» Goal of the exercise
Please output exactly the lines below, starting at the line that has "グリーンランド中絶ハンディV" and ending at the line that has "Road Trip Wild", both included; leave out all pictures and include nothing else.

» Supplied material
+===+

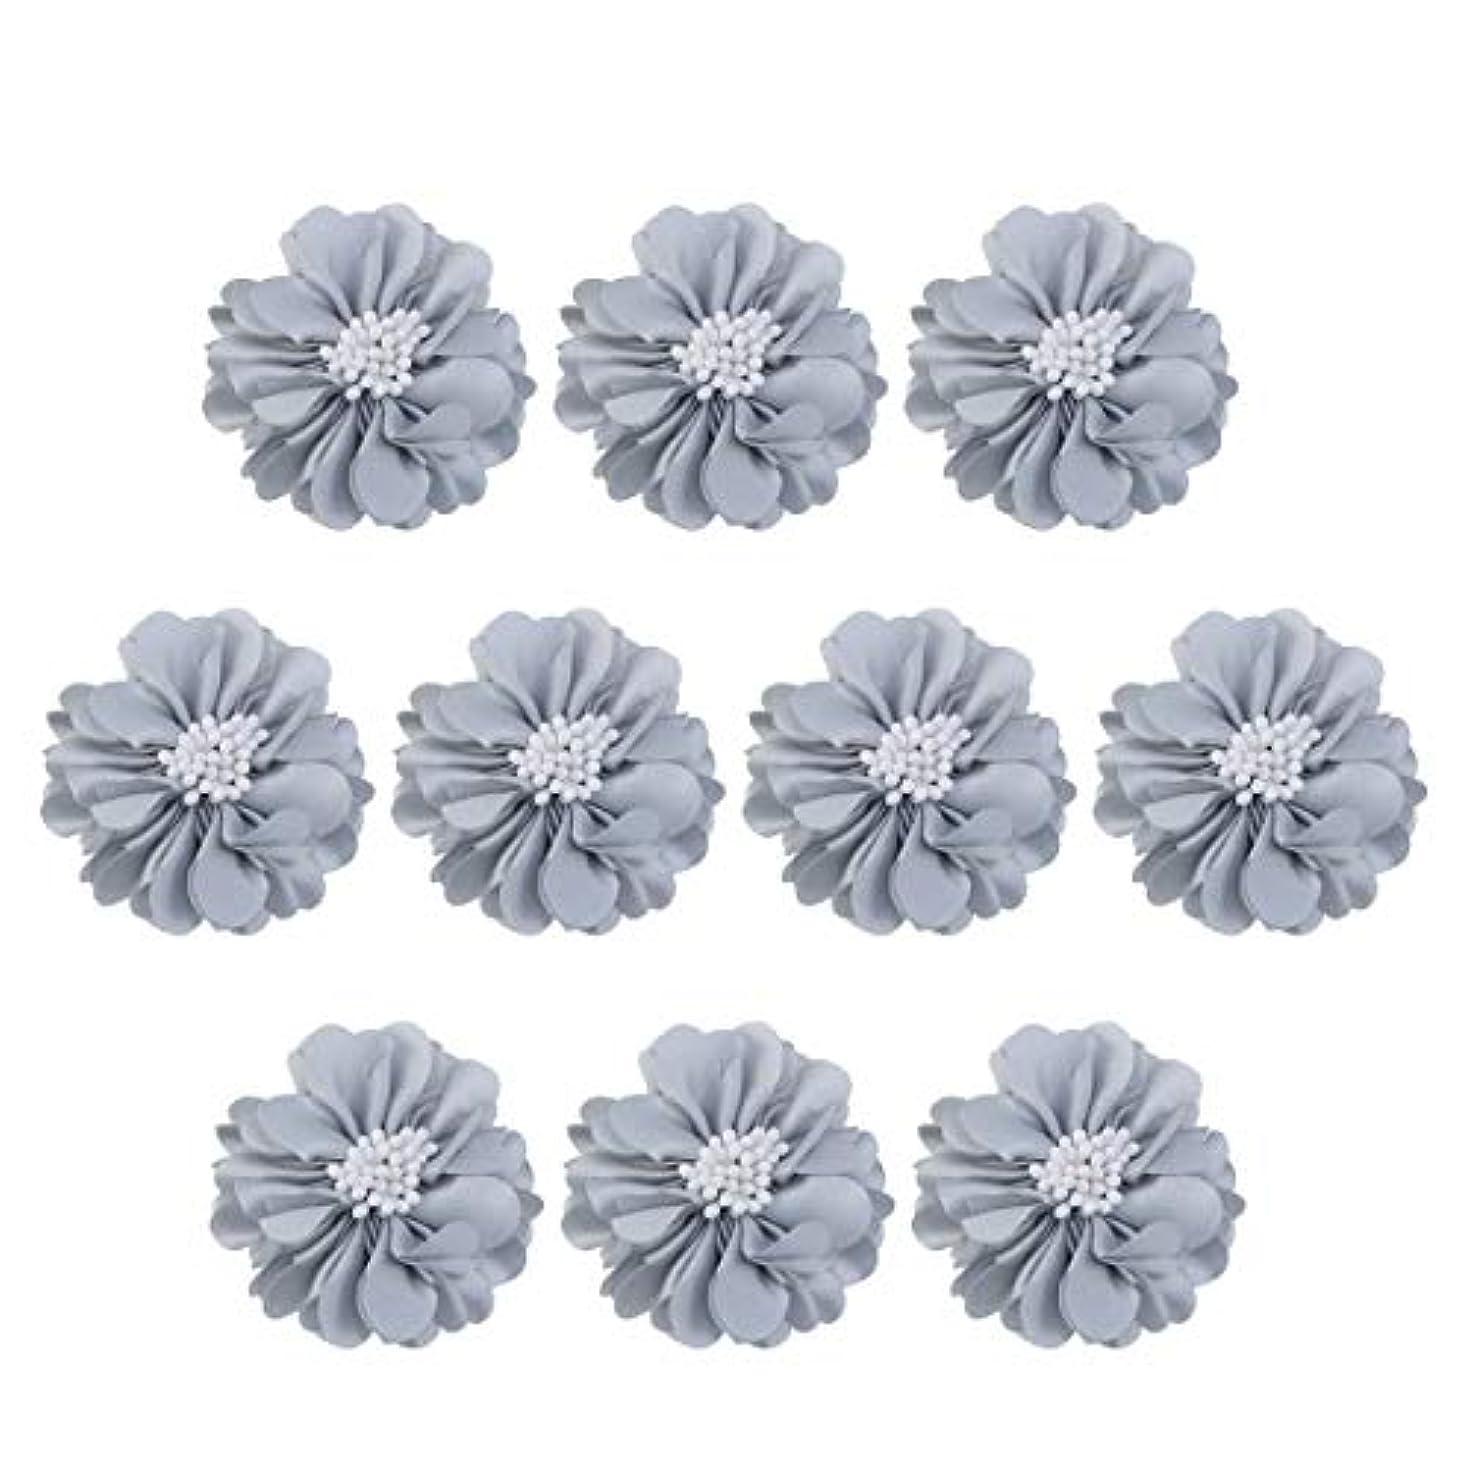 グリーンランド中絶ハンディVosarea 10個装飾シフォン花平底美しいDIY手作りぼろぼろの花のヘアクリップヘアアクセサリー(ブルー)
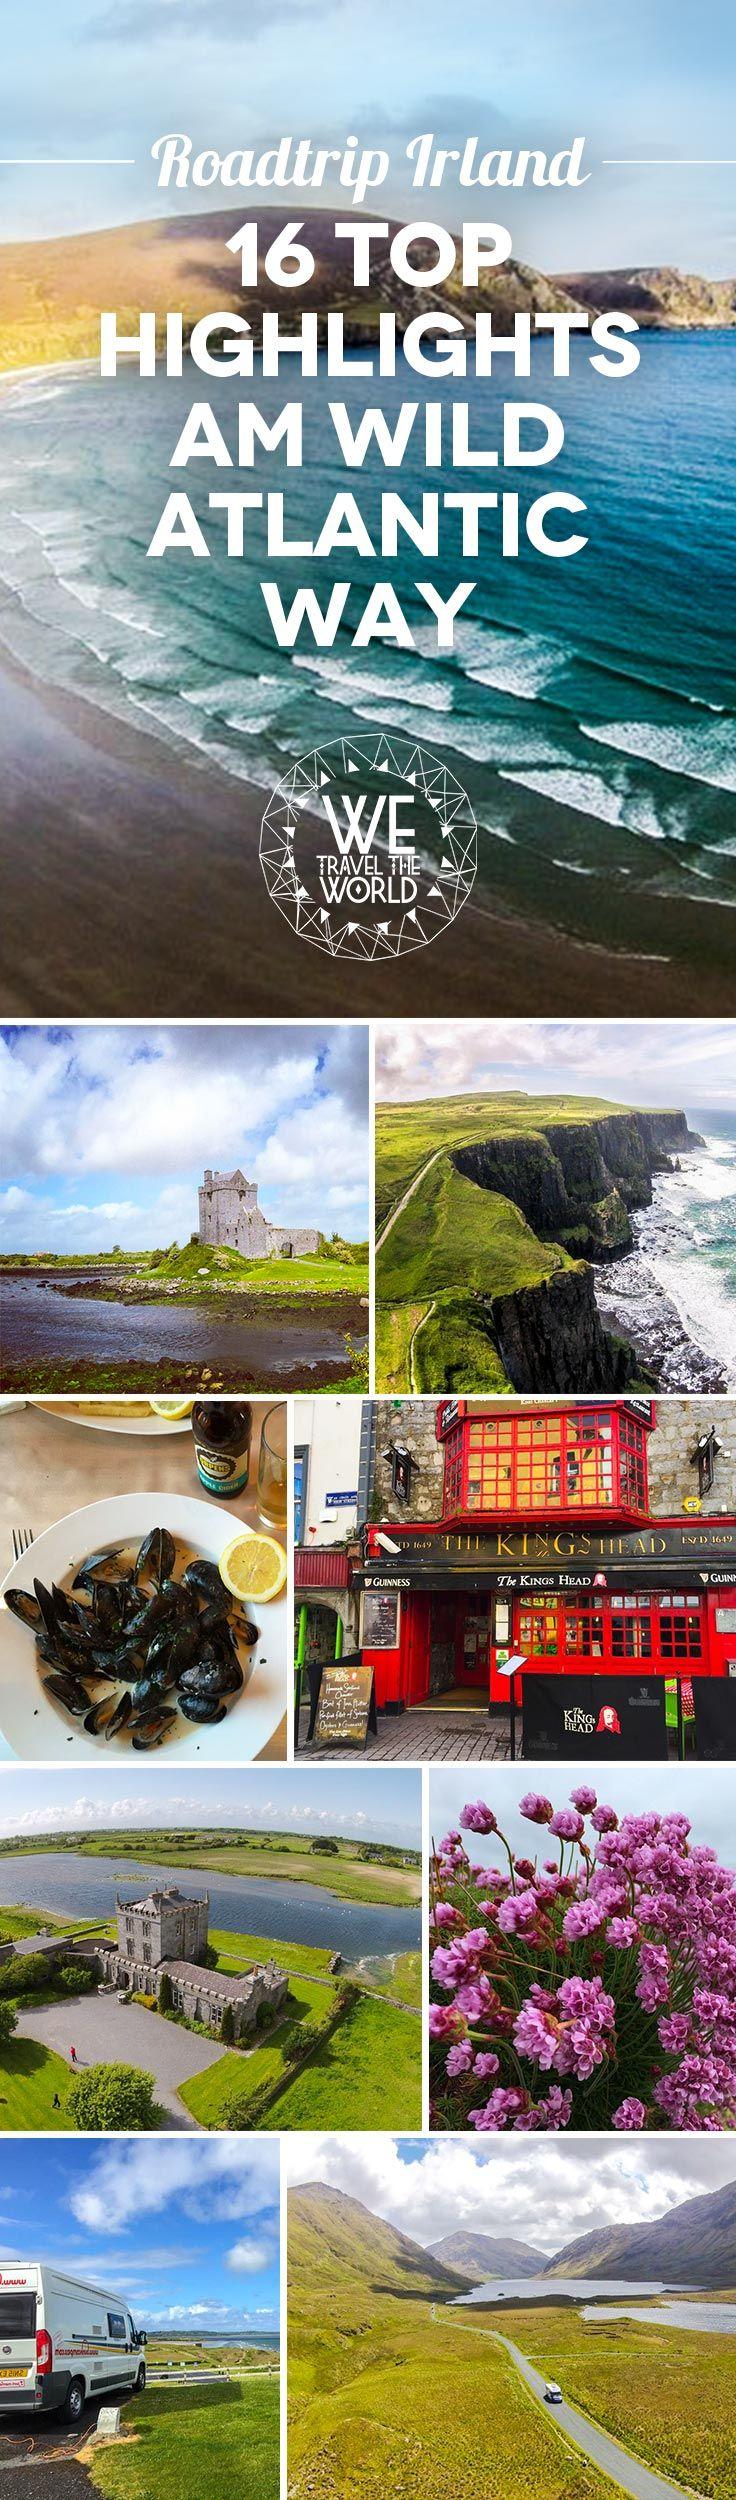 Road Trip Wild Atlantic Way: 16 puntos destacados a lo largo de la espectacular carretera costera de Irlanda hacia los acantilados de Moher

+===+

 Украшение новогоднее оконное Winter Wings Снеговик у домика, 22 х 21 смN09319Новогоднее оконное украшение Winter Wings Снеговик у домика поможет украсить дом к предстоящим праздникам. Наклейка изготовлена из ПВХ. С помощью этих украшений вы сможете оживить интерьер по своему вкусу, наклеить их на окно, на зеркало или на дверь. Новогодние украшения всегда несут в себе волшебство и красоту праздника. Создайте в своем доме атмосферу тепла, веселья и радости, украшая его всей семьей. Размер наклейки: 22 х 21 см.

+===+

» Response
 グリーンランド中絶ハンディVosarea 10個装飾シフォン花平底美しいDIY手作りぼろぼろの花のヘアクリップヘアアクセサリー(ブルー)
 Road Trip Wild Atlantic Way: 16 puntos destacados a lo largo de la espectacular carretera costera de Irlanda hacia los acantilados de Moher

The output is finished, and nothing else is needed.